Albert Camus, the French humanist, wrote, “there is only one true philosophical problem and that is suicide. Judging whether life is worth
living amounts to answering the fundamental question of philosophy.” Pliny the Elder had said earlier, “admit the miseries of our life on earth,
suicide is God’s best gift to man.”
These are the words of egomaniacs - or rather, egomaniacs caught up in a state of depression.
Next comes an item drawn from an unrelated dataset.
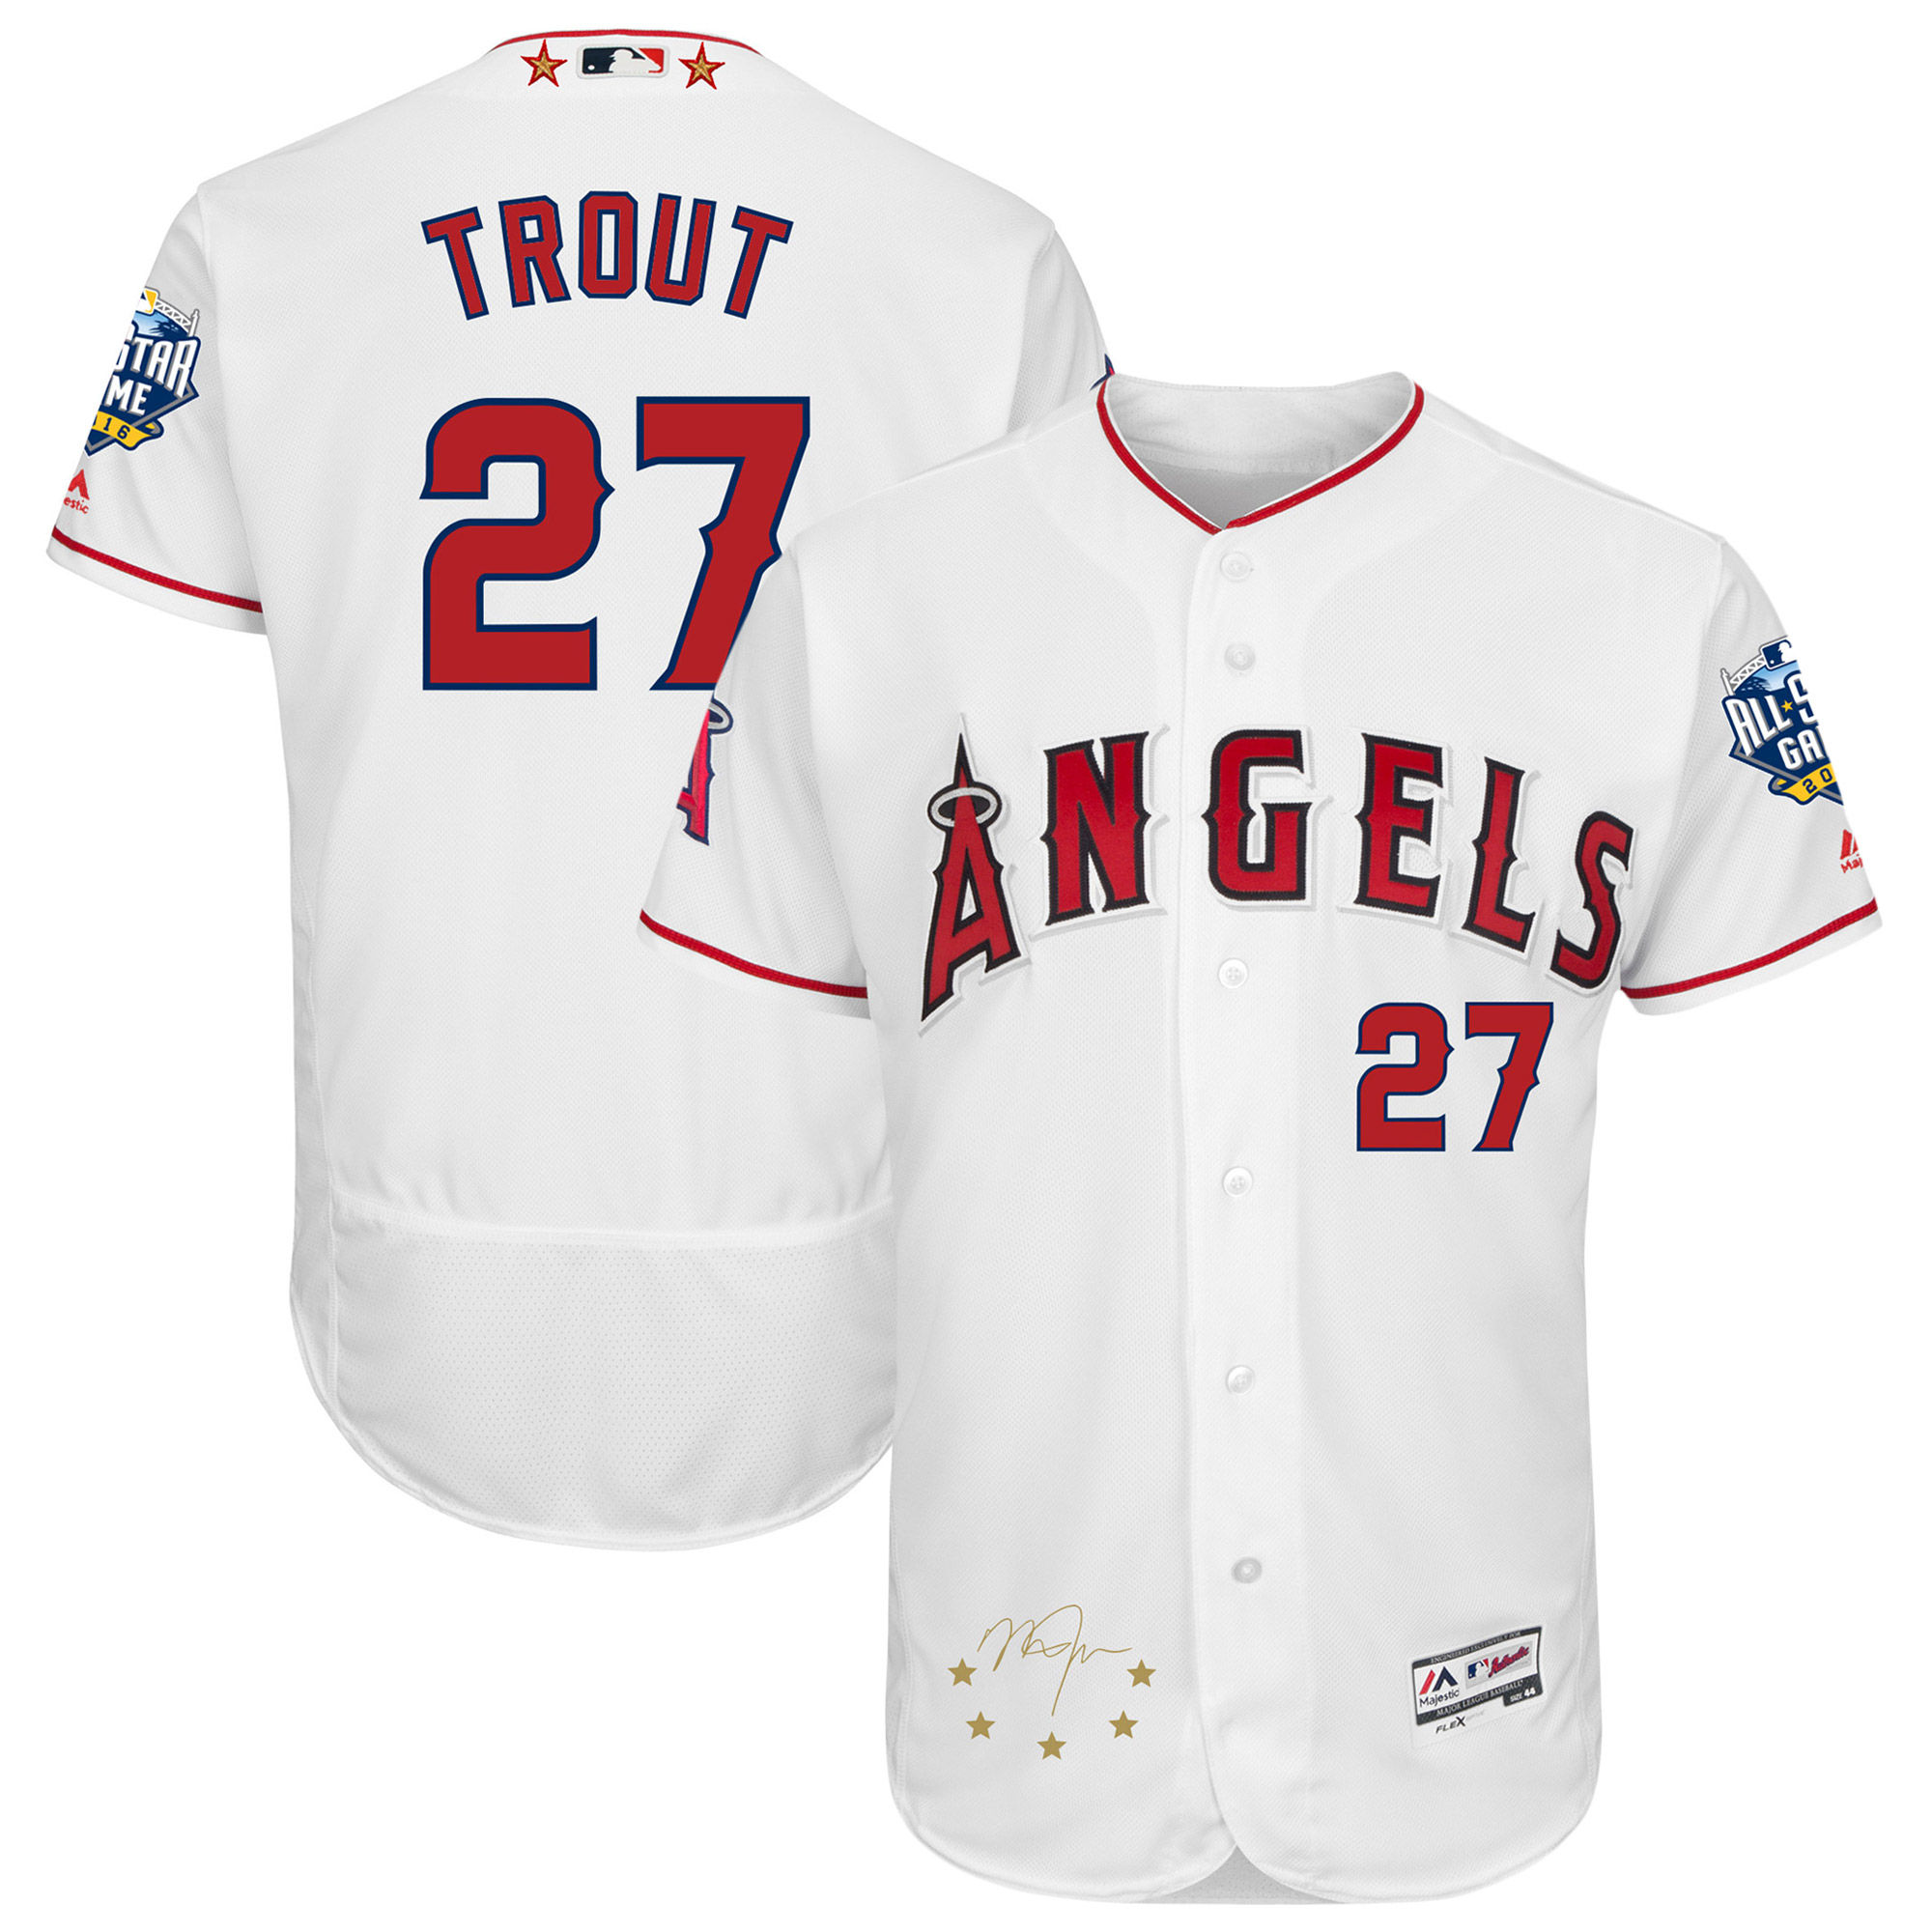 Angels 27 Mike Trout White 2016 All-Star Game Signature Flexbase Jersey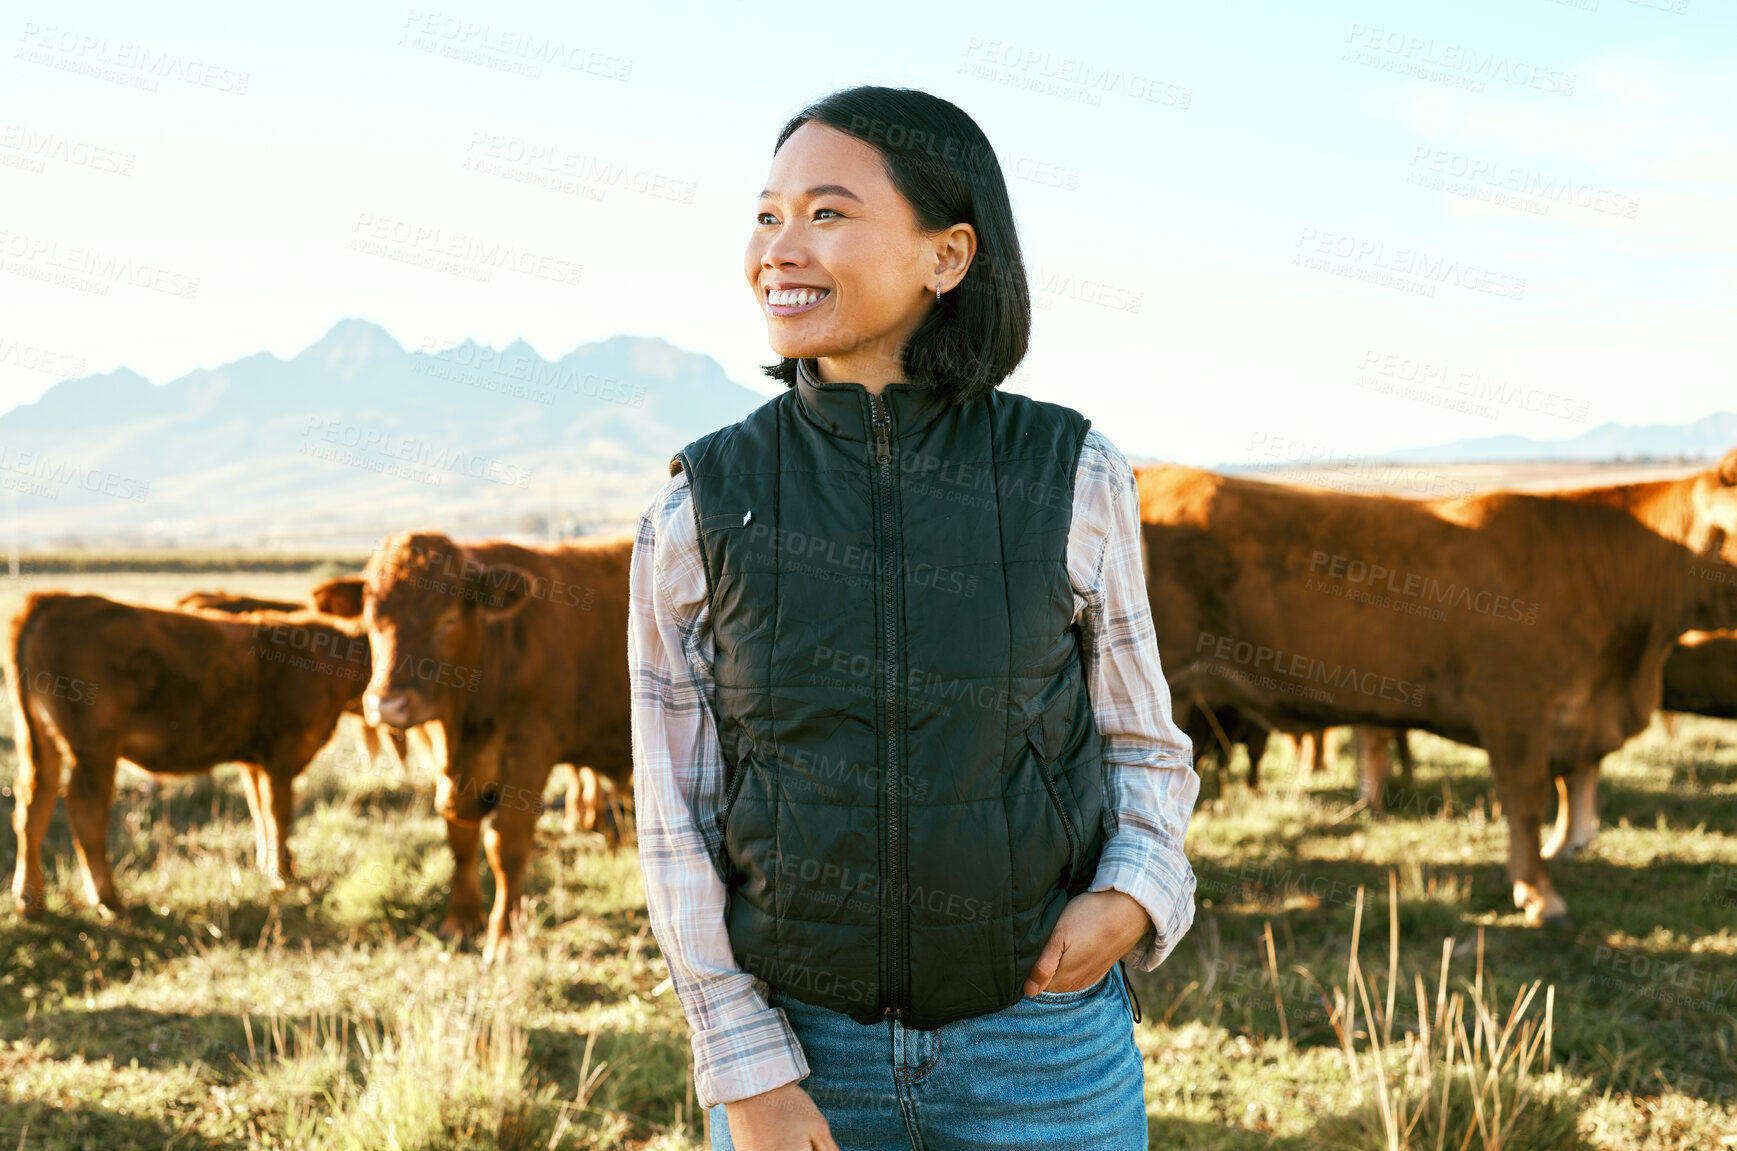 Buy stock photo Countryside, cow cattle and Asian woman happy about nature, mountains and agriculture farm. Smile, grass field and animals with a person from Japan on travel, holiday and vacation in Texas

Is there truth to these words? A recent study proved the obvious (to me and anyone else who scientifically studies the brain), that suicide and hot
weather are linked:
A hot planet in 2050 could spark tens of thousands of more suicides, a new study suggests.
Hot Weather amd Suicide
Thermodynamics, a law that governs all matter in the universe, means 'heat loss'. As energy enters a system, unless it is a crystal, the energy is
going to leave it after some interval of time. The measure of this loss of energy is termed "entropy".
Heat goes up, and the molecules which make up your cells vibrate faster - which causes them to lose heat faster, which causes the body to speed up its
processes, and so, reduce the functional wherewithal of your biodynamical system. An example: under heat duress, the solitary nucleus of the lower
brain stem changes its behavior so that parts of the brain like the amygdala become more reactive to events in the environment. Why does this
connection exist - between the solitary nucleus and the central amygdaloid nucleus? It makes much sense if you simply contemplate the homeodynamic
basis of the body. Whether the perturbation be microbial, heat, cold, or social, your body has a 'homeostatic range' which it wants to stay within. If
heat goes up, all the other parameters which your body controls adjust with that change. So, with regard to the brain and the regulation of feeling
states, when heat goes up, the central-control system of the solitary nucleus influences a suite of other brain-sites which ultimately results in
reduced blood flow to cortical regions furthest out from the brainstem - which are also the most recently evolved structures.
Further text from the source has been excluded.